The part below that opens with the line containing "Kids after Kids" and closes with the line containing "Armmuskel Modell, 6-teilig" should be copied exactly, minus any pictures.

*Listed entries*
• • • •

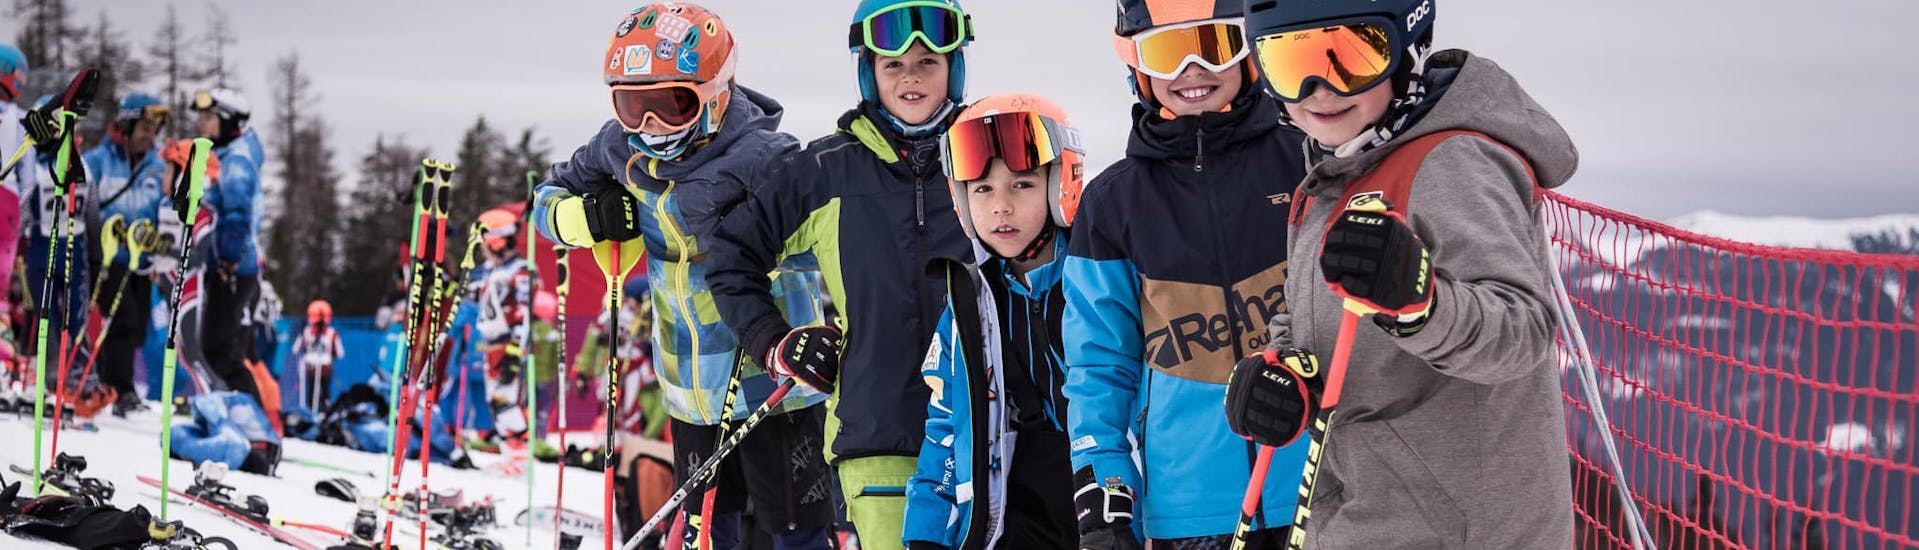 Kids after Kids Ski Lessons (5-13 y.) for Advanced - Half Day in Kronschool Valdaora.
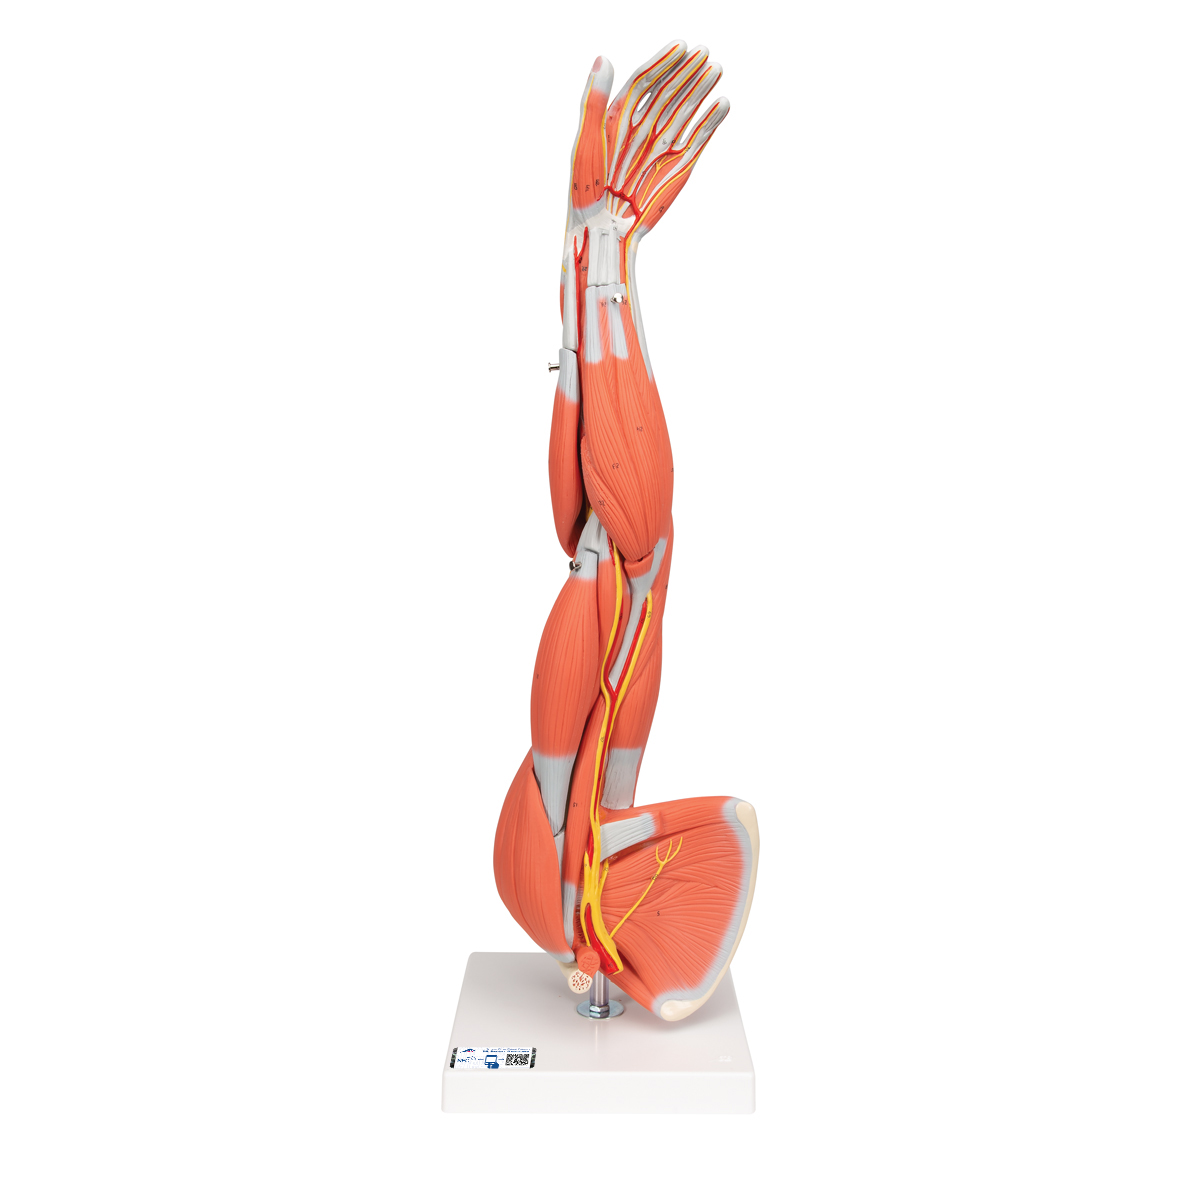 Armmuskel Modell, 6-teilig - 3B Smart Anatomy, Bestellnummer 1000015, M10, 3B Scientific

• • • •

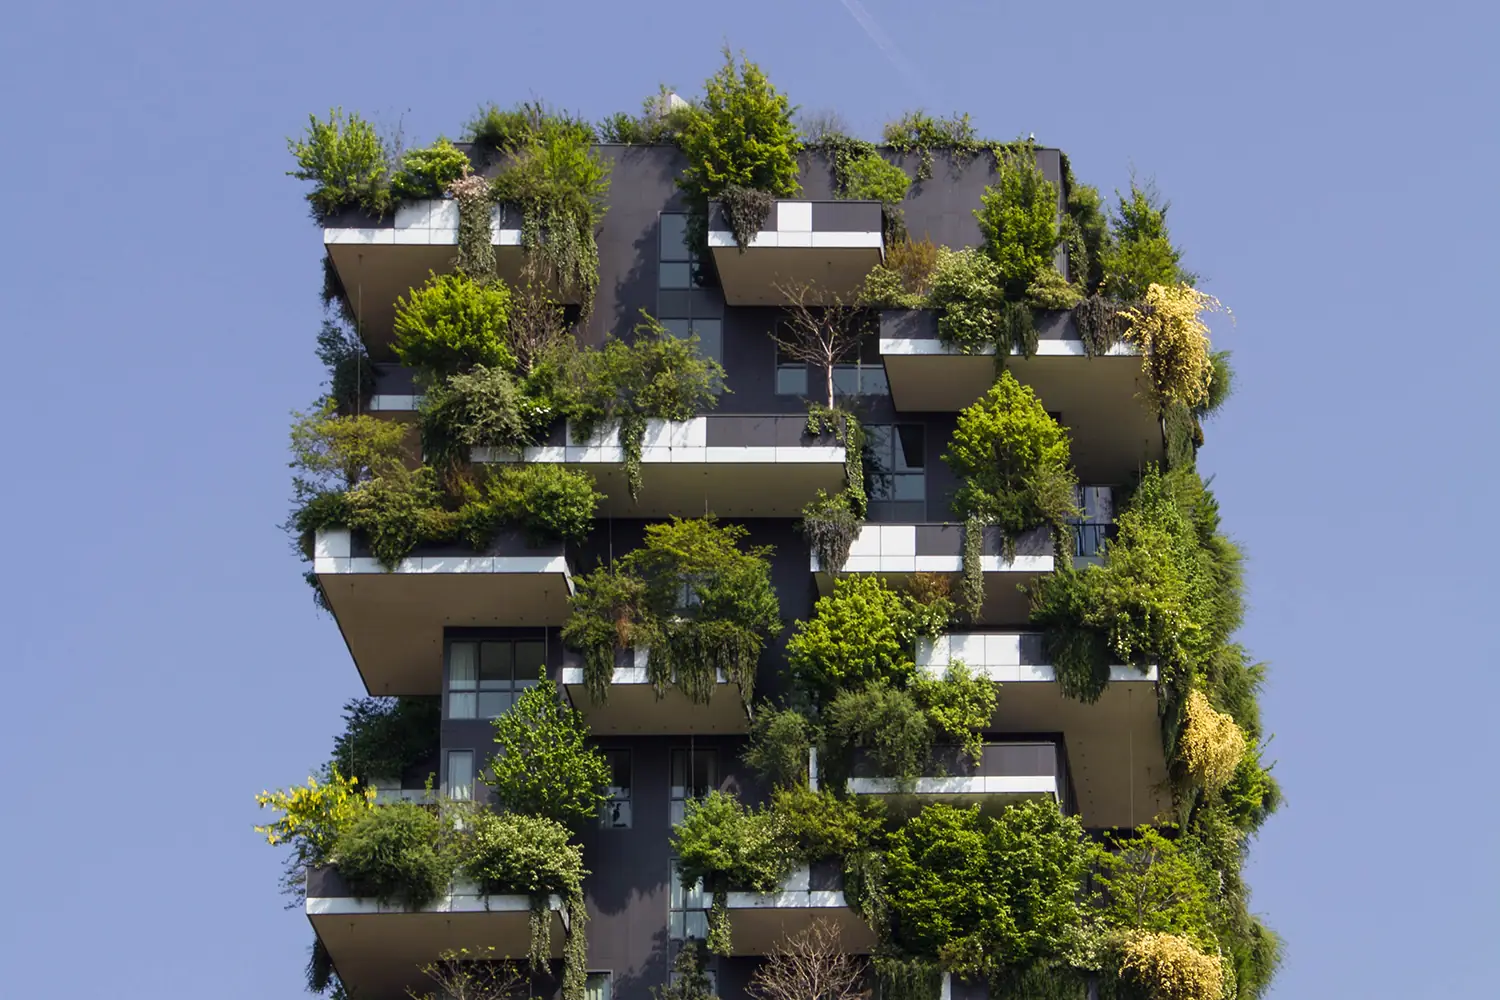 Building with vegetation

• • • •

*Exercise response*
 Kids after Kids Ski Lessons (5-13 y.) for Advanced - Half Day in Kronschool Valdaora.
 Armmuskel Modell, 6-teilig - 3B Smart Anatomy, Bestellnummer 1000015, M10, 3B Scientific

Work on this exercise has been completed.